В сугробе бился, окрашивая снег красным, тетерев. Довольный добычей, Тимур Аркадьевич свернул ему шею и, пристегнув дичь к поясу, перезарядил ружье. Он не рассчитывал на добычу, ему хотелось побыть в одиночестве и поддаться азарту — возможно, в последний раз, — на время пробудить уснувшие чувства, подхлестнуть кровь, почувствовать себя живым.
Пока все идет по плану и спокойной жизни осталось полторы-две недели, почему бы два-три часа не посвятить приятному? Потом будет не до развлечений. А если Реута переиграют — ему конец.
Тимур Аркадьевич не боялся смерти, он и так пожил за троих и слегка заскучал. Всю жизнь он по болтику собирал механизм, способный противостоять «Фатуму». Будет обидно, если план не сработает и все жертвы окажутся напрасными.
Вернулся он на пятнадцать минут раньше условленного времени. Начинало смеркаться, единственное окно избушки светилось, чуть стрекотал бензогенератор, из трубы тянулся белый дым. Снег повалил сильнее, Тимур Аркадьевич ускорил шаг, у запорошенного порога снял лыжи и распахнул дверь. В единственной комнате пахло очагом, он отлично помнил этот запах с детства: в позапрошлом веке у всех были печи. Воспоминание кольнуло льдинкой в сердце и оттаяло, пробежало по телу волной тепла.
На скрип самодельной щелястой двери Тихонов обернулся: его обвислые щеки разрумянились, нос-слива тоже словно налился. Он сидел за сколоченным на скорую руку столом. Лавки тоже были самодельными: распиленный сосновый ствол, прибитый к пенькам.
Печь гудела и ухала, дышал огонь в дымаре. Толстяк Тихонов уже накрыл на стол: разложил помидоры, крупными кусками нарезал сало и откупорил бутылку водки.
Тридцать лет назад Тимур Аркадьевич не мог и подумать, что тонкий, шустрый парнишка с искрами в глазах станет рыхлым, неповоротливым увальнем с сизым носом. Карие глаза Тихонова выцвели и спрятались под обвислыми веками, смоляные волосы поседели, нос расплылся, а ямочки на щеках стали глубокими морщинами меж двумя жировыми складками.
Другое было время, и методы были жестче, да и КП у парня был нестабильным, колебался от сорока до шестидесяти. Но все-таки до конца не сломали Егора Тихонова, большим человеком стал. Естественно, не без помощи Реута.

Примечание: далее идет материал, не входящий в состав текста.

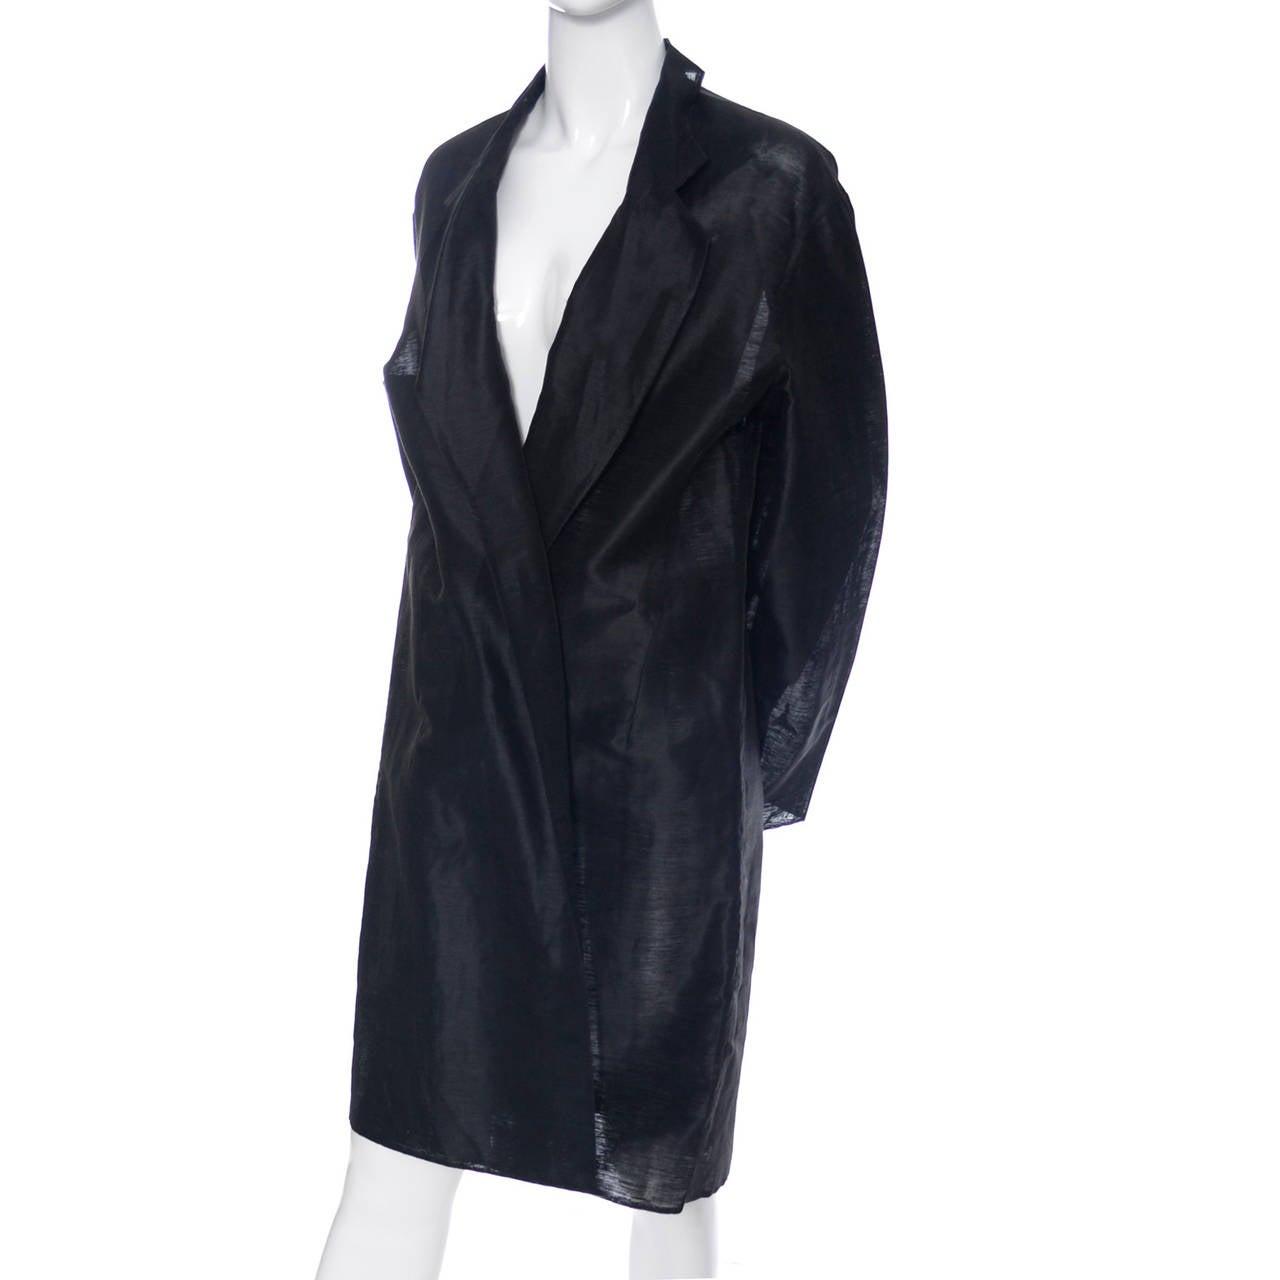 Donna Karan New York Black Label Linen Organza Evening Coat Semi Sheer 3
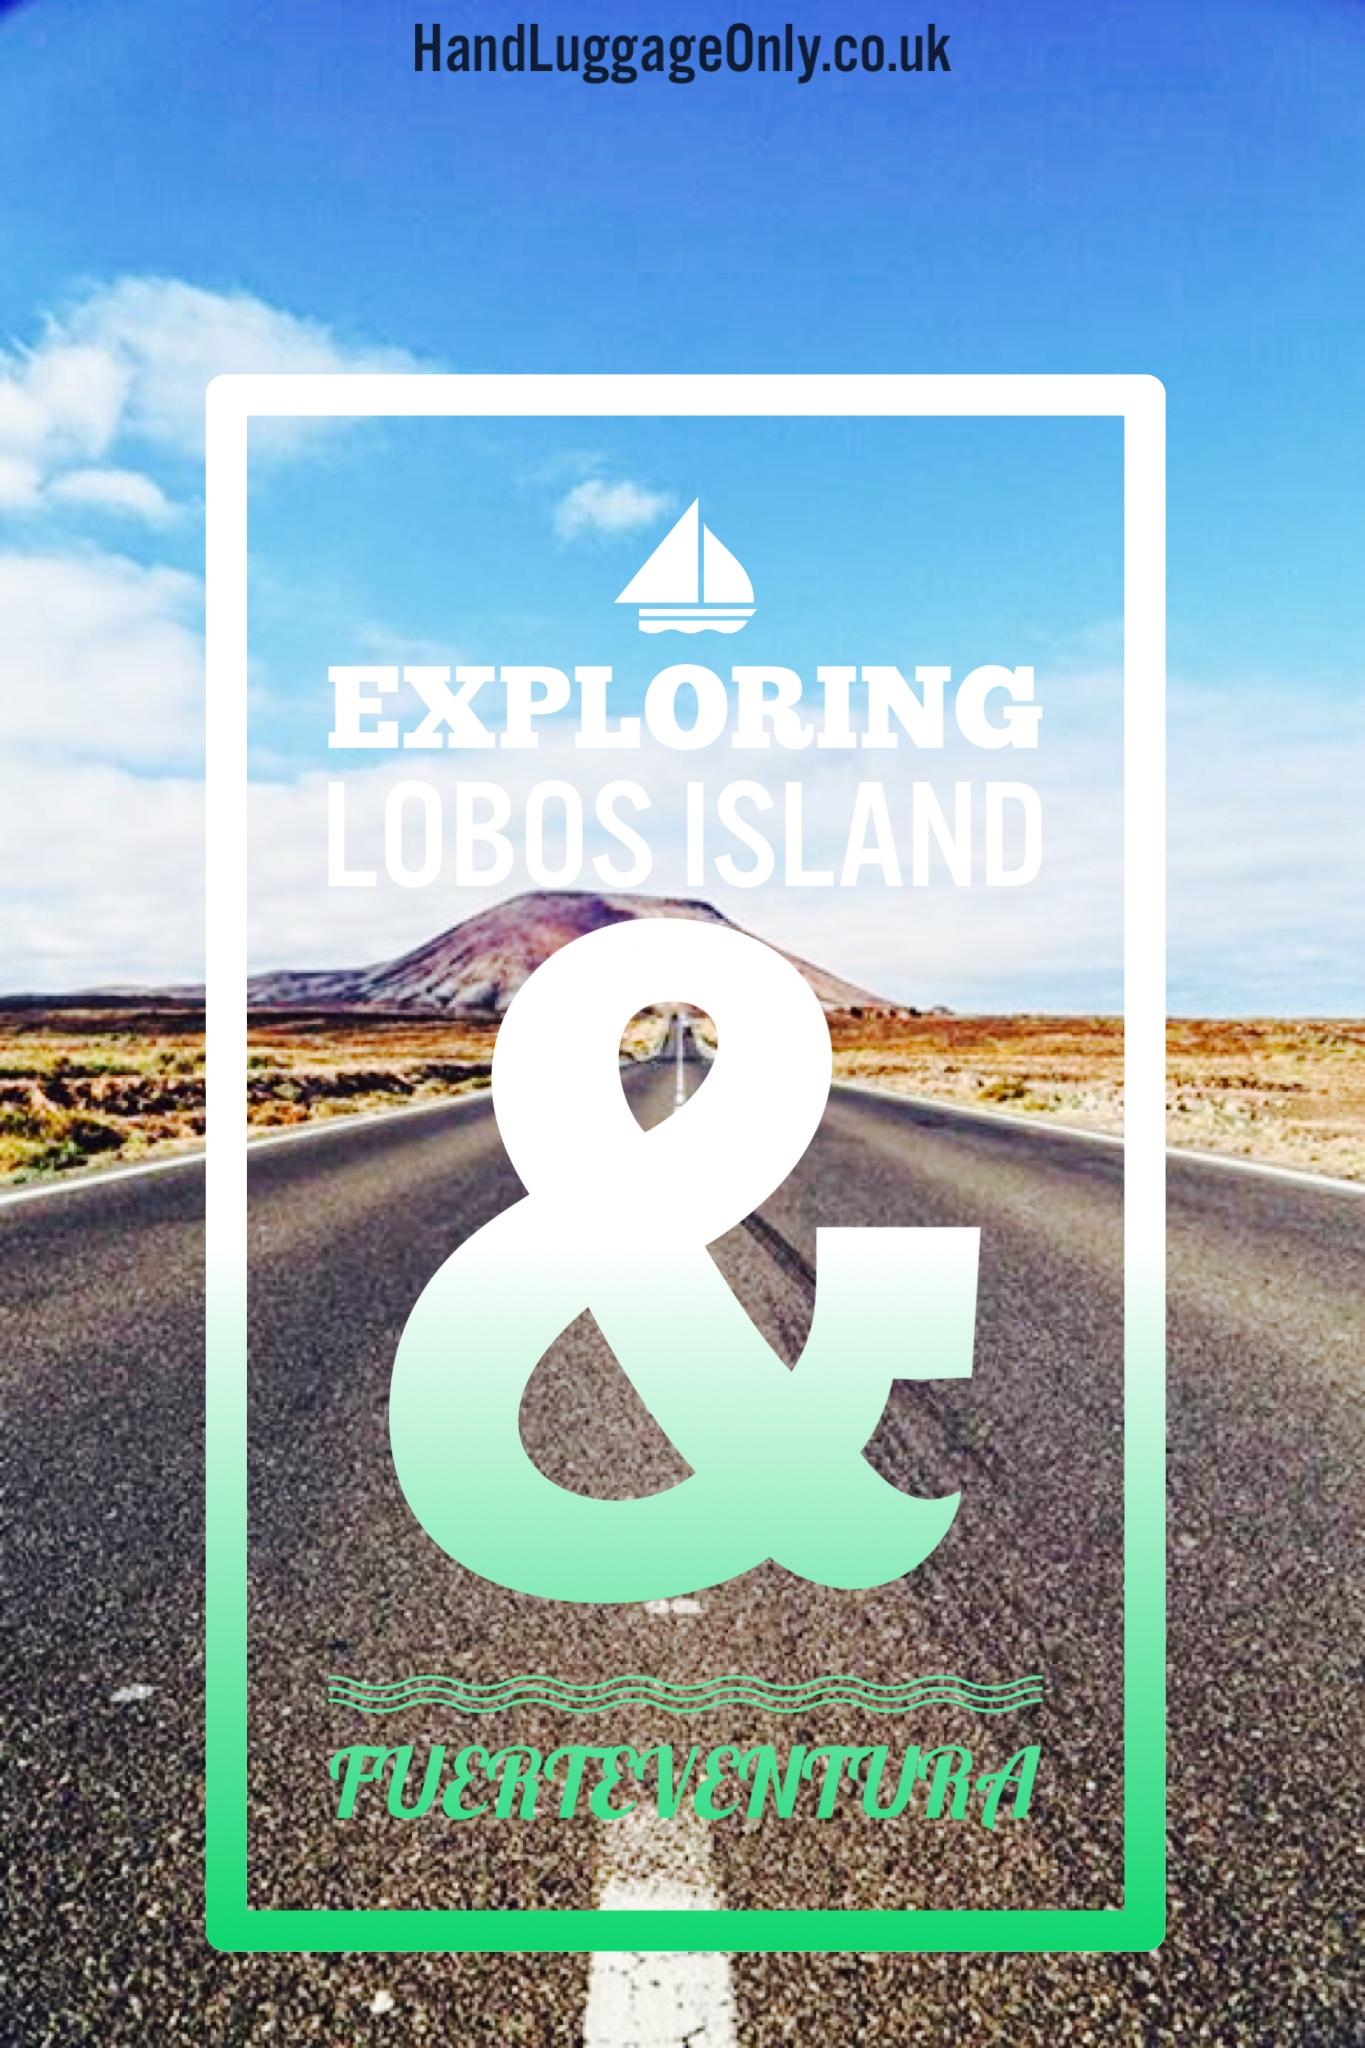 Photo Updates From Lobos Island And Fuerteventura (4)

Тимур Аркадьевич отстегнул от пояса добычу — двух тетеревов, самца и самку, — положил на газету в углу хижины.
— Ну что? — подмигнул Тихонов, сверкнув глазами. — Дернем по маленькой?
— Спиваешься ты, Егор, как я посмотрю, — вздохнул Тимур Аркадьевич. Он распахнул пуховик и сел на край скамьи, протянув руки к печи. — Вот поговорим, тогда можно и по маленькой. Потерпи, недолго осталось.
Донесся собачий лай — Борзов идет. Сын алкоголиков, воспитанник интерната, он в юности был нелюдимым, мрачным и жестоким. Если бил, то на поражение, если любил, то до безумия. В интернате ожесточился. Но несмотря на соцпедзапущенность, парень брал талантом, схватывал на лету, окончил школу с золотом, а Можайку — с отличием. КП у него резко подскочил в двадцать пять лет, когда из армии выгнали за раздолбайство и чуть не засудили. Денег не было, работы тоже, а необходимые навыки имелись, вот и подался Борзов в бандиты, набедокурил, был арестован, а чуть позже — отмазан не без помощи Тимура Аркадьевича.